Mary Ann Maitland (, Davidson; 26 January 1839 — 24 February 1919) was a Scottish-born Canadian author of poems, hymns, and short stories. The "Ann" character in Maitland's short story, "Charity Ann: Founded on Facts" (Godey's Lady's Book, January 1892), provided the background for Anne Shirley's history and adoption in Anne of Green Gables.

Early life
Mary Ann Davidson was born in Elgin, Moray, Scotland, 26 January 1839. She is a daughter of James Alexander Davidson, the first teacher in the Infant School of Elgin, and Elizabeth Wilson Maitland. She was a maternal granddaughter of the Provost Wilson of that town. Maitland came to Canada with her father in 1857, when she was 18 years of age. She had, before leaving Scotland, written some creditable verses, but it was not until she came to Canada that her merits as a poet were fully acknowledged.

Career
In a short time, her contributions found their way into the S.S. Times, The New York Observer, Christian at Work, Godey's Lady's Book, Gems of Poetry, Woman's Magazine, and other standard American periodicals.
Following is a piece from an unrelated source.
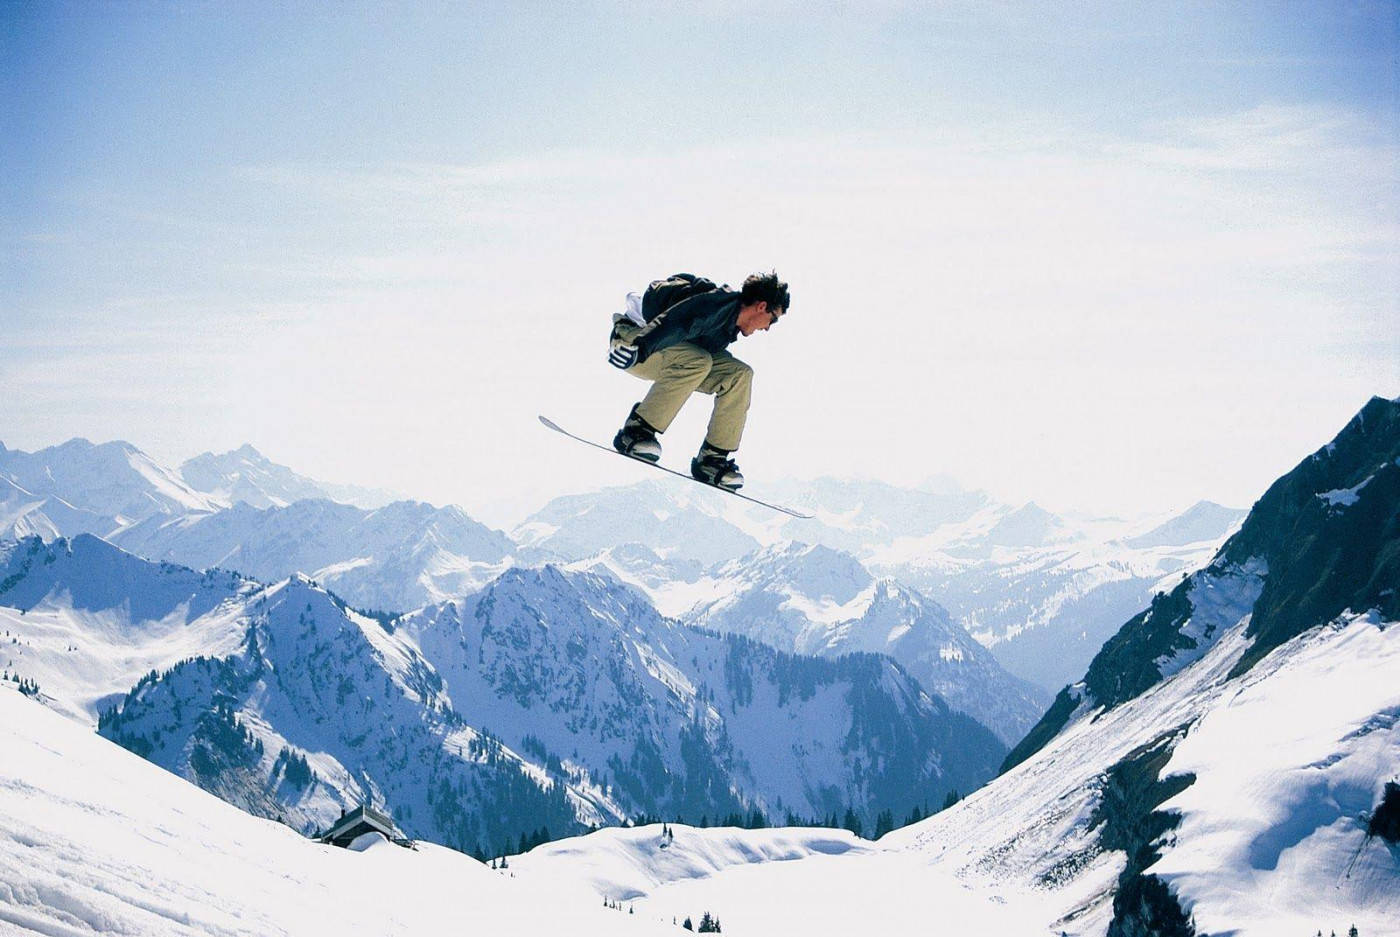 Man With Snowboard Descending With Mountainous Backdrop Background

Maitland's own estimate of her poems was:— "I am well aware that they contain no high poetic flight or lofty imagery; perhaps their only merit is their tenderness." A writer in Daughters of America who was familiar with Maitland and her writings, said of her that she is "one of the sweetest singers of the day," and the Idea said in a sketch of her:— "Mrs. Maitland is by nature a poet — one in whom the most natural form of expression is in rhyme and rhythm".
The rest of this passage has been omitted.